EXERCISE PROMPT: All lines from the one holding "Amplifying the contrast" to the end of the listing are to be output exactly, both ends included, with any pictures left out.

SOURCE MATERIAL:
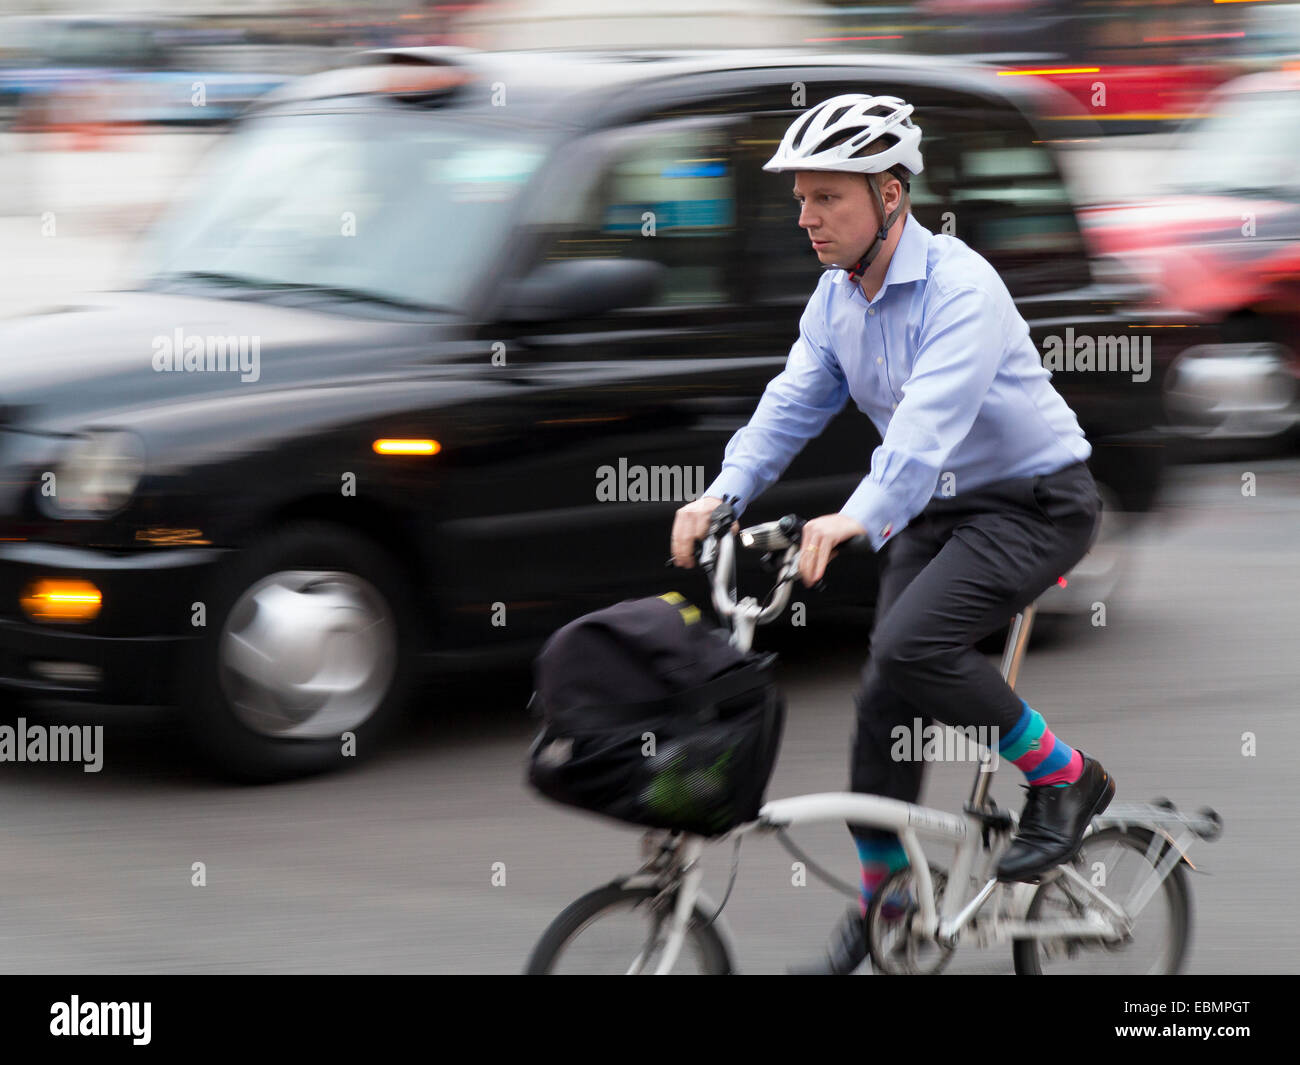 London, UK - October 23, 2014: A commuter cyclist wearing shirt and cufflinks negotiating the traffic of buses cars and taxis in Stock Photo
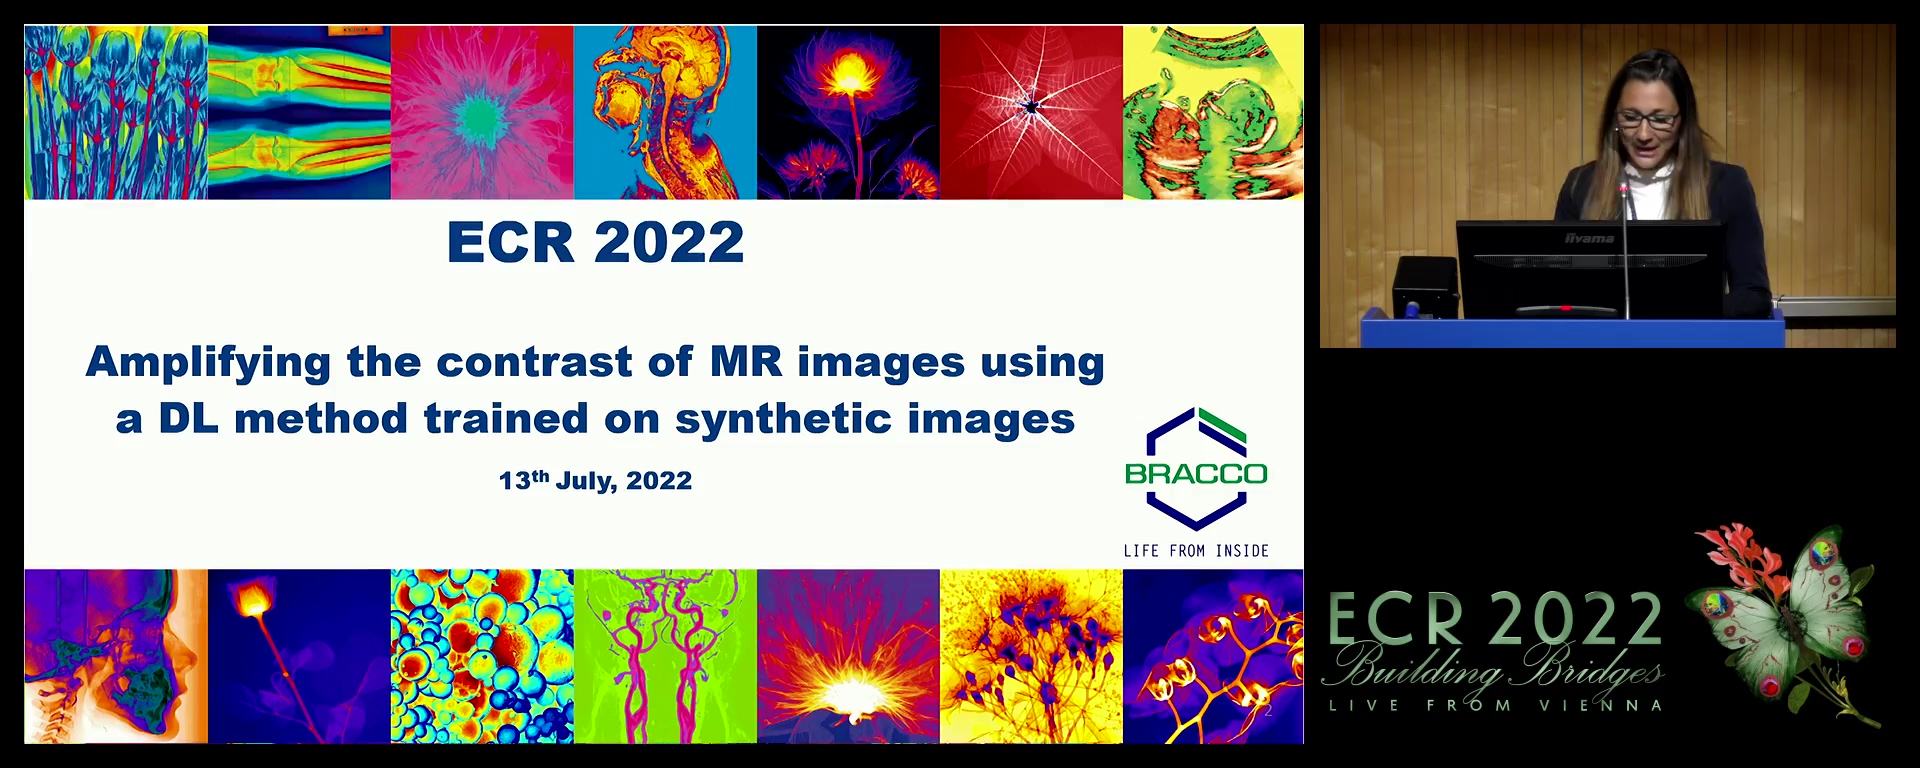 Amplifying the contrast of MR images using a DL method trained on synthetic images
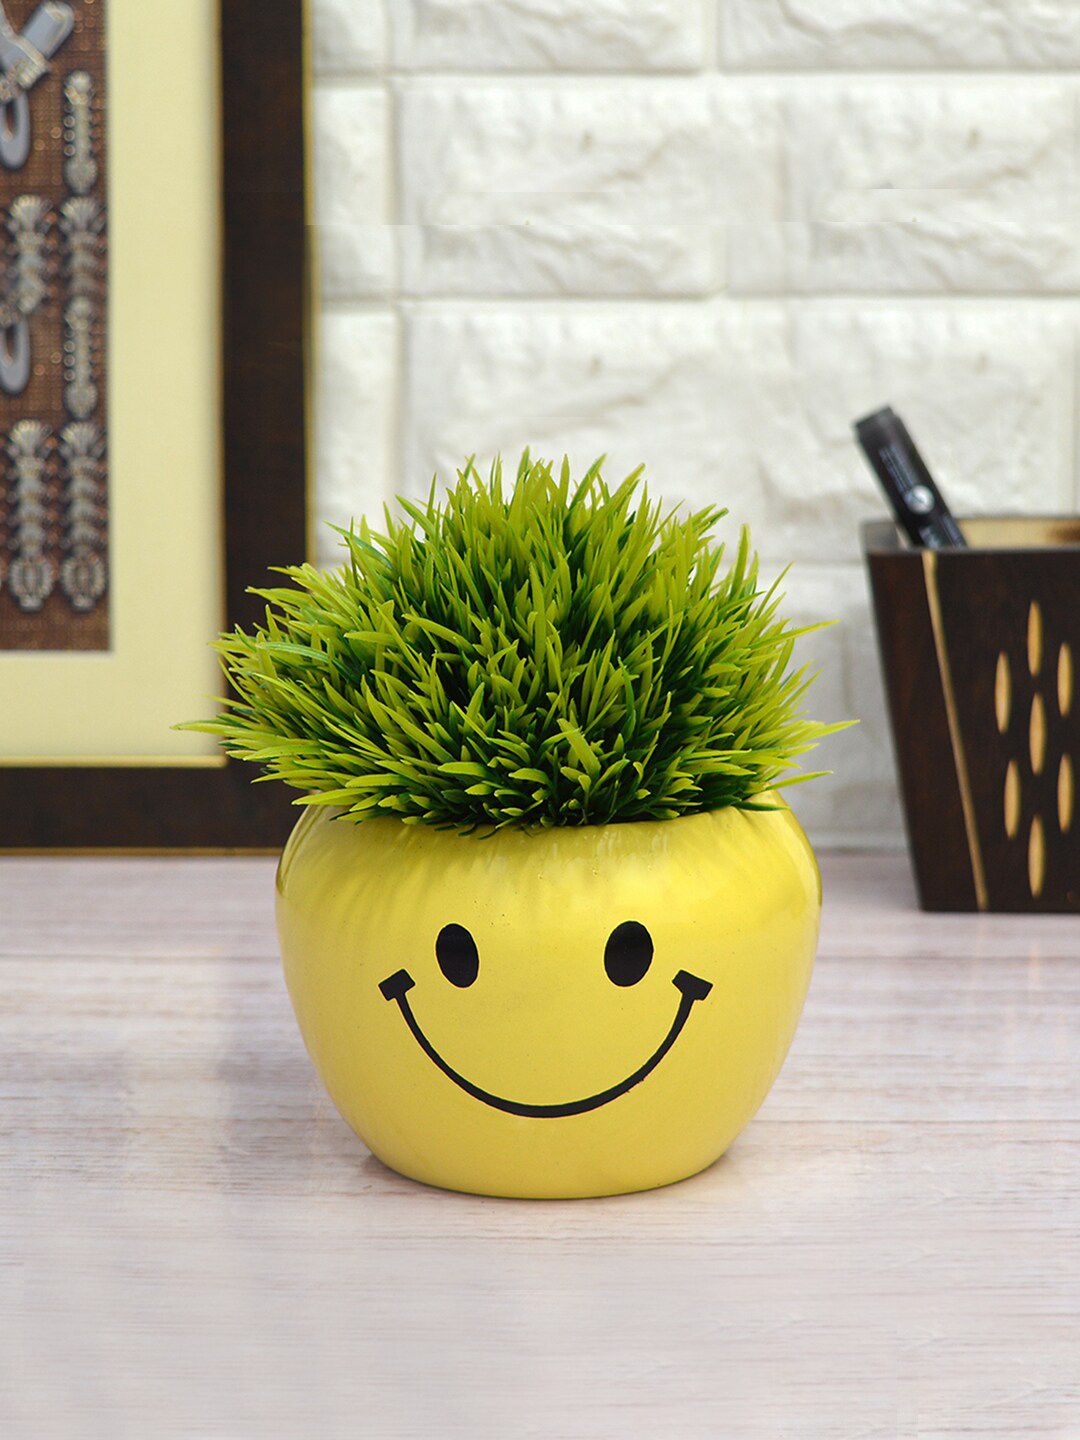 fancy mart Green & Yellow Artificial Grass Topiary With Smiley Pot Price in India
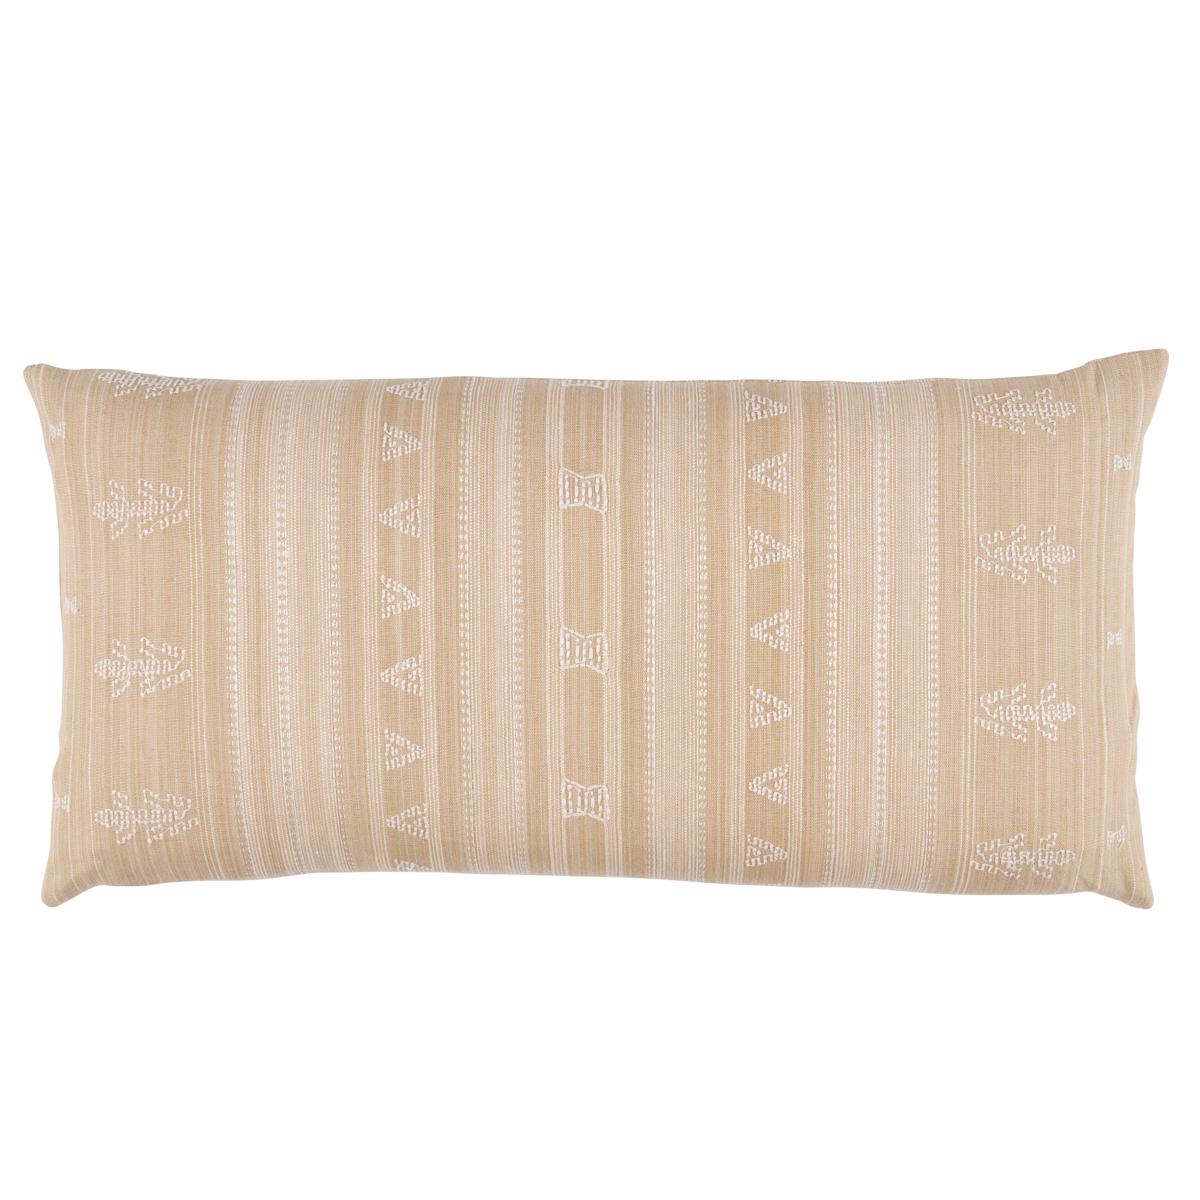 Nima Embroidered Pillow in Tan 24 x 12" For Sale

ANSWER SECTION:
 Amplifying the contrast of MR images using a DL method trained on synthetic images
 fancy mart Green & Yellow Artificial Grass Topiary With Smiley Pot Price in India
 Nima Embroidered Pillow in Tan 24 x 12" For Sale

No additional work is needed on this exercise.